» **Records to use**
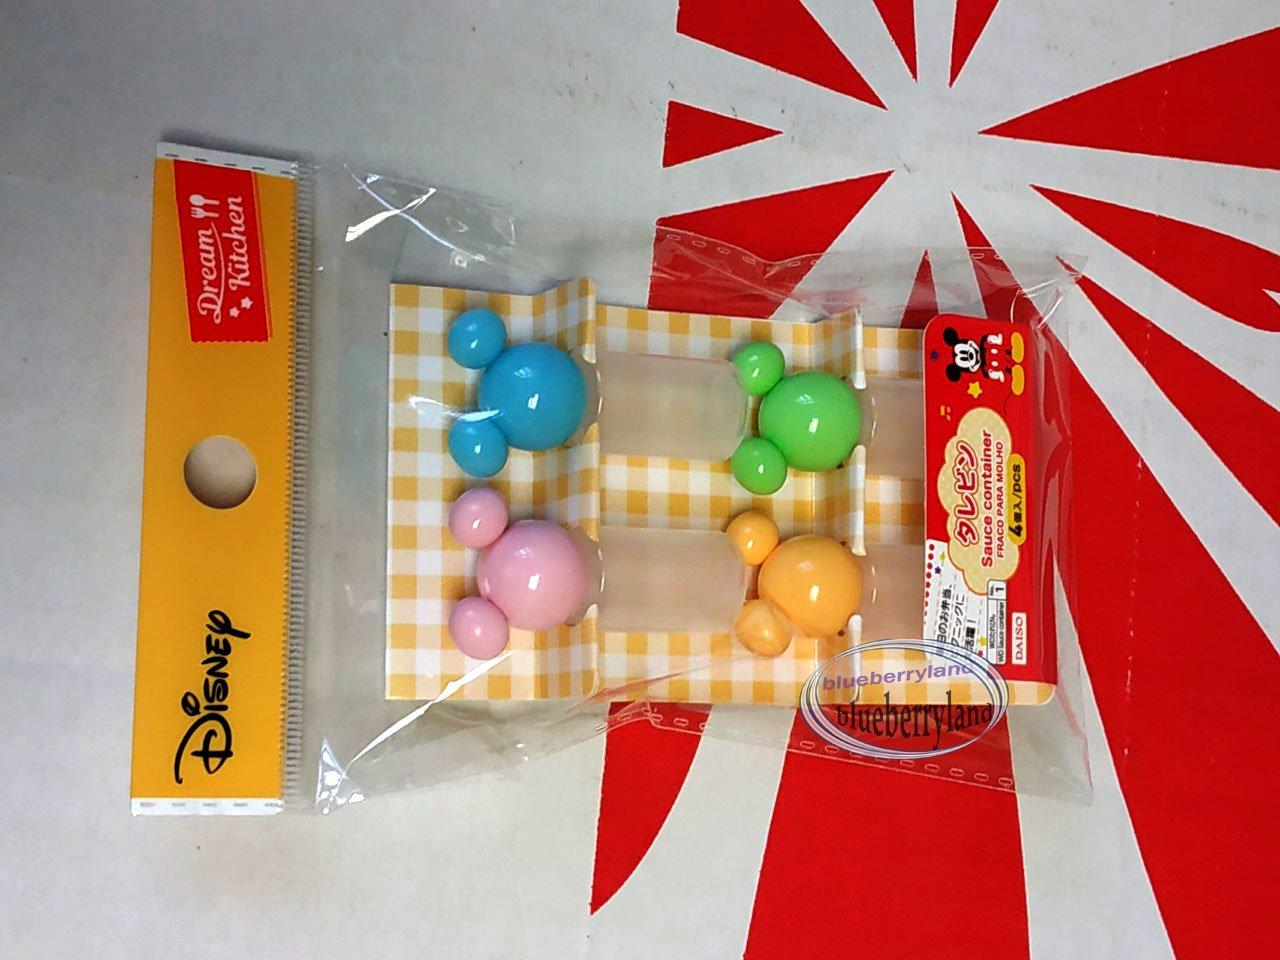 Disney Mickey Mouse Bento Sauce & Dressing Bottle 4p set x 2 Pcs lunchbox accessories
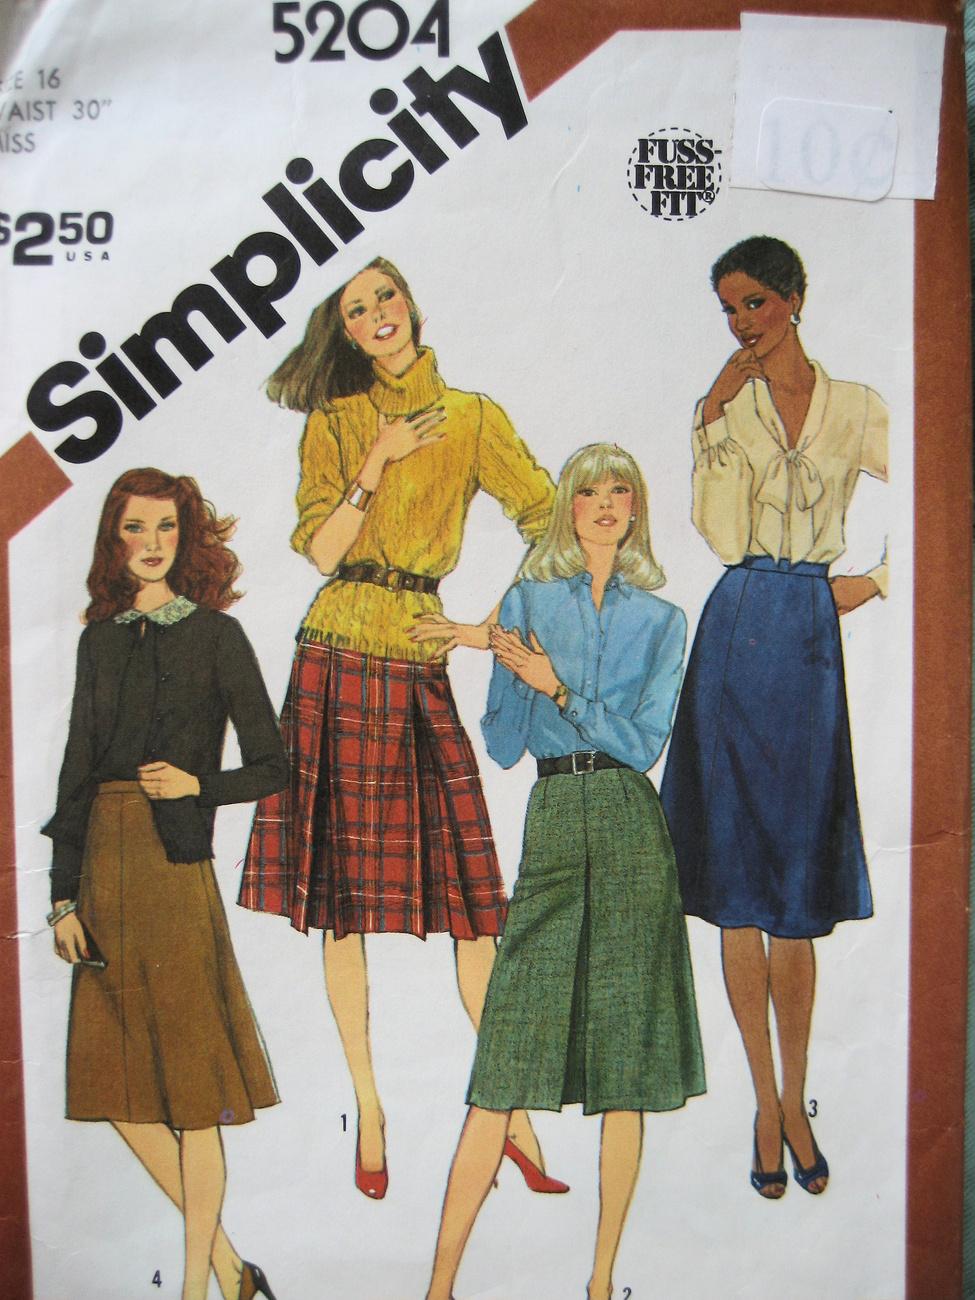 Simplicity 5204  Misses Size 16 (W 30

--

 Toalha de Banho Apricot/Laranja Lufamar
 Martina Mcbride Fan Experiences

» **Aim of the exercise**
The answer is the lines above from the one with "Disney Mickey Mouse" to the one with "Size 16 (W 30", set down exactly, with no pictures.

» **Solution**
 Disney Mickey Mouse Bento Sauce & Dressing Bottle 4p set x 2 Pcs lunchbox accessories
 Simplicity 5204  Misses Size 16 (W 30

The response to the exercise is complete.